Но весь этот ход событий, как бы тяжел он ни был, все же следовало признать естественным, даже соответствующим каким-то тайным пружинам мирового политического механизма. Англия, Франция, Турция, даже Сардинское королевство действовали против России все-таки в своих интересах. Но никакие новые печальные известия о войне не смогли бы удивить и одновременно расстроить императора так же сильно, как очередное «мирное предложение», полученное вчера из Вены.

 — Павел Дмитриевич, сделай милость, перечти еще раз давешнюю австрийскую депешу, – император Николай I обратился к стоявшему в углу комнаты графу Киселеву. – Нет ли там какого иносказания или хоть намека на помощь? Может статься, мы вчера пропустили.
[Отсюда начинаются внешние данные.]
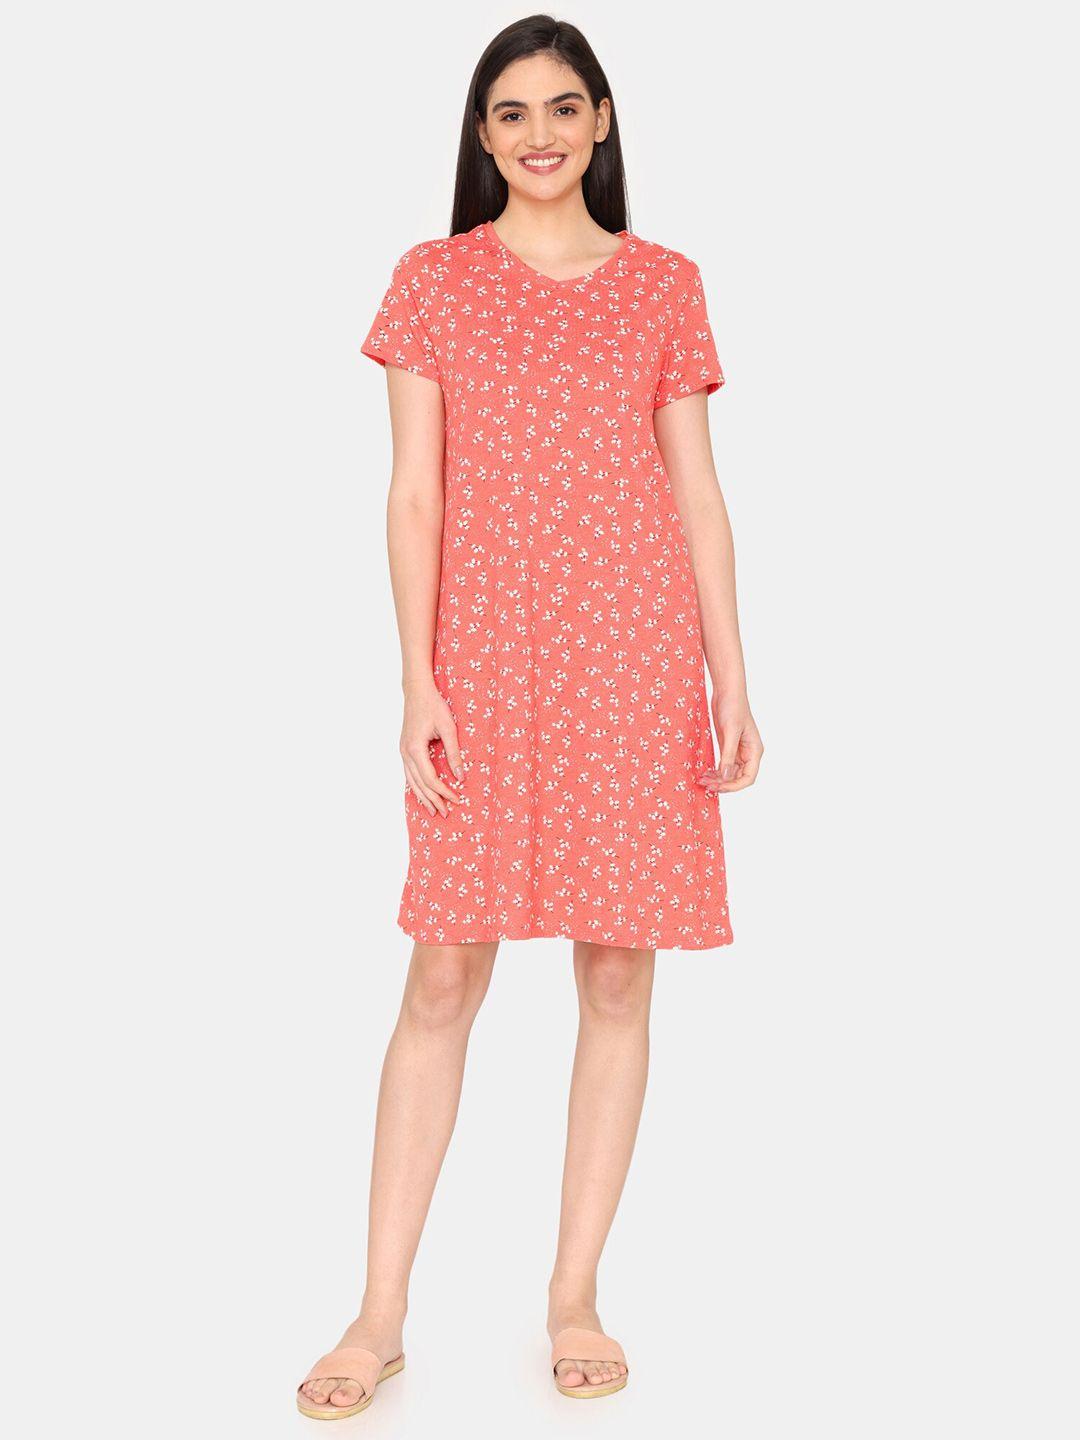 Rosaline by Zivame Floral Printed T-shirt Nightdress

Министр государственных имуществ взял бумаги с небольшого ломберного столика в углу, начал читать, и уже при первых звуках его голоса Николай отчетливо понял, что все иносказания в этом наглом письме намекают лишь на то, что, несмотря на прежние победы, Россия сегодня стоит перед коалицией европейских держав одна, без единого союзника. Ей следует признать свою слабость, прекратить бессмысленное сопротивление, согласиться на австрийское «посредничество» и, выполнив предварительные условия начала мирных переговоров, покорно ждать, когда союзники продиктуют окончательные требования. Требования, выполнение которых приведет не просто к поражению империи в войне, а к распаду и уничтожению всей государственной системы, которую он с таким трудом отстраивал здесь три десятка лет. Россия как европейская держава должна будет исчезнуть. И это после всего, что сделано для Европы в последние полвека.

Киселев окончил читать.

— Спасибо, Павел Дмитриевич. Я жестоко наказан за излишнюю доверчивость по отношению к нашему молодому соседу. С первого свидания мое сердце приняло его с бесконечным доверием, как пятого сына. И вот австрийский император не перестает поворачивать нож в моем сердце! Пишет, что мы «остались без союзников», а чья же это вина? Не австрийцы ли сто лет подряд по всякому поводу набивались к нам в союзники? И где же они теперь?

Киселев сделал несколько шагов к большому столу и, бросив беглый взгляд на карту, впервые попытался оценить масштабы будущего ущерба. Стоявший рядом шеф жандармов Орлов, угадав его мысль, принялся бесстрастно докладывать недавно поступившие из Лондона агентурные сведения.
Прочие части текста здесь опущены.